Buildings are just sticks, brick and glass that be arranged one way or another. Hall prefers buildings and surrounding retail and residential developments be arranged so people can walk to the store. While the new proposed Wal-Mart model could be more expensive, that wouldn’t necessarily be so. By having a second or even a third story above the store, Wal-Mart could diversify and have income from residential, retail and office rentals.

Next level for company, communities

“Wal-Mart has saturated the market by purchasing low-cost property on the edge of town,” Hall said. “Now it is time to take it to the next level for them and the community. It is definitely a win-win. They can continue what they do best, and at the same time contribute more to the community.”

Hall said that the other businesses co-located with Wal-Mart wouldn’t compete, but instead would compliment what Wal-Mart offers. For example, there were a number of specialty shops, antique stores and cafes in Pass Christian that were destroyed or heavily damaged by Katrina. Those kinds of businesses found a niche by providing something different than what people could buy at Wal-Mart.

One of the things designers did for the Pass Christian charrette was create a Wal-Mart village with a complete range of housing and building types around for many blocks. Complex mix-use neighborhoods with sidewalks would allow people to leave the car at home, and just about all they need within walking distance.

Countering criticism

Ricky Mathews, president and publisher of the Sun Herald and a vice chairman of the Governor’s Commission, said Wal-Mart has an opportunity here to counter the bad publicity it has been getting from sources like the new Hollywood documentary, “Wal-Mart: The High Cost of Low Price.”
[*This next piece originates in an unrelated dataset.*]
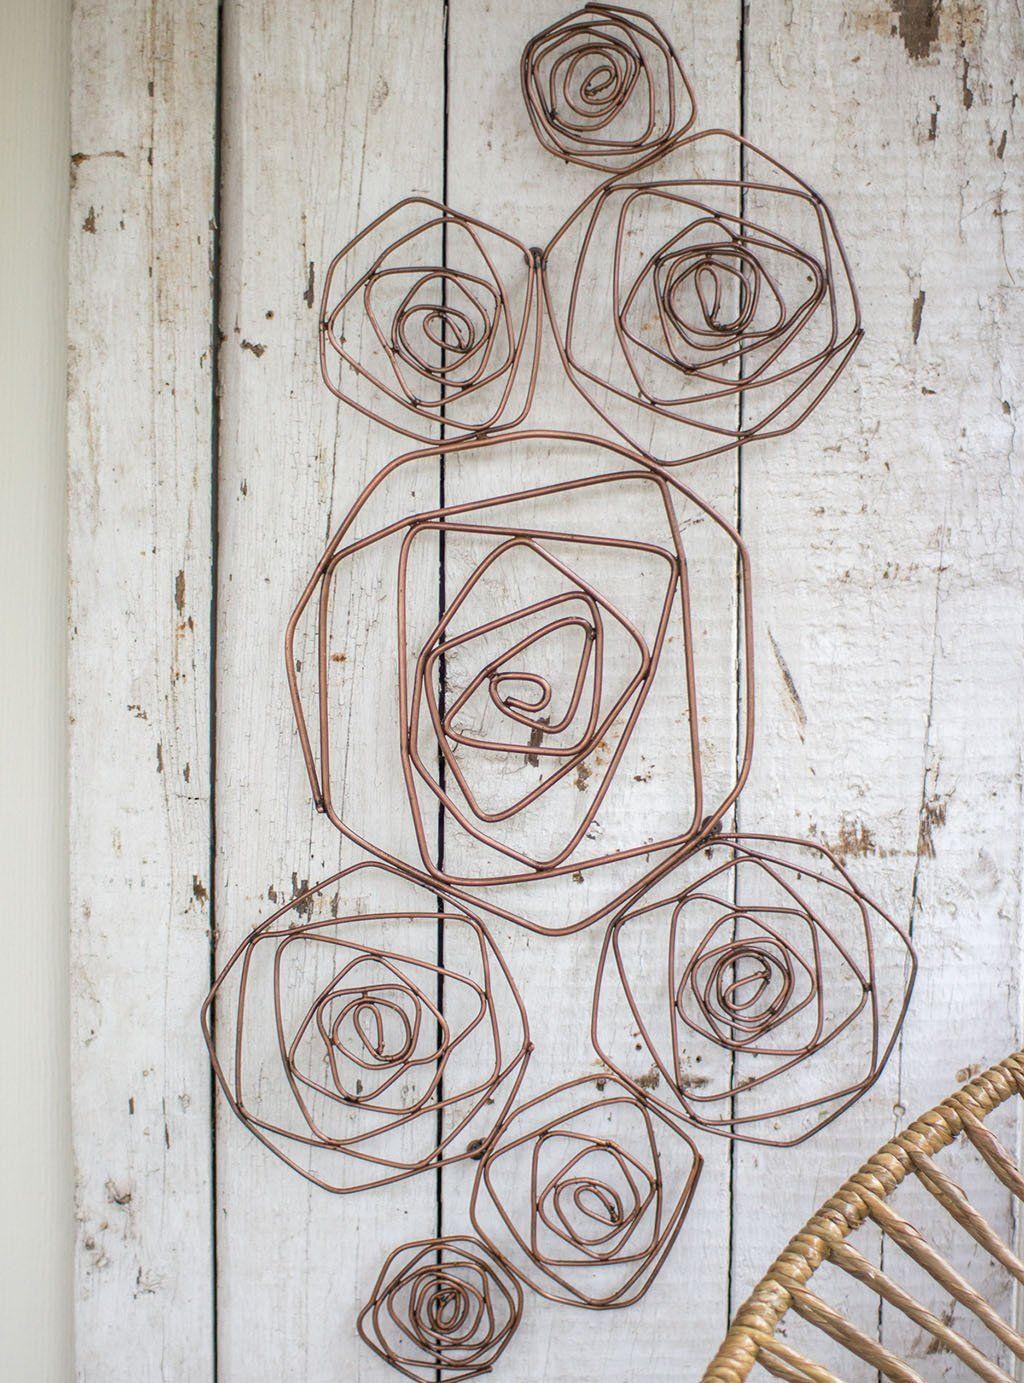 Rose Wall Sculpture | Pinterest | Wall sculptures, Rose and Walls

“They may also being feeling the sting from Andrés Duany’s criticism at the recent Mississippi Renewal Forum,” Mathews said in a Sun Herald column. “They have an opportunity to kill several birds with one stone in Pass Christian. By listening to Duany, who may actually be on to something — and I think he is — they could devise a model that would silence the critics who say that Wal-Mart is all about killing small towns.

“What if Wal-Mart were to work with New Urbanists and Duany to develop a new town center for Pass Christian that could become the catalyst for the rebuilding of the city? Instead of a “big box” store, Wal-Mart could build a series of stores that give the appearance of a small town. The shot in the arm this would give to the development of other stores and restaurants would be incredible.”

Mathews said there has to be a way for Wal-Mart to do something special in Pass Christian that not only gives Wal-Mart a chance to avoid the public relations nightmare of pulling out of Pass Christian but also creates an exciting new model for Pass Christian and for Wal-Mart.

Ocean Springs is also looking at a new model for Wal-Mart. Participants in the Ocean Springs charrette that worked on a New Urbanism vision for the Coast suggested a long-term project to feature a small urban center at Wal-Mart that would include apartments on top of Wal-Mart, additional retail and green space. The Center would across the highway to the CSX Railroad and a proposed depot for passenger transit.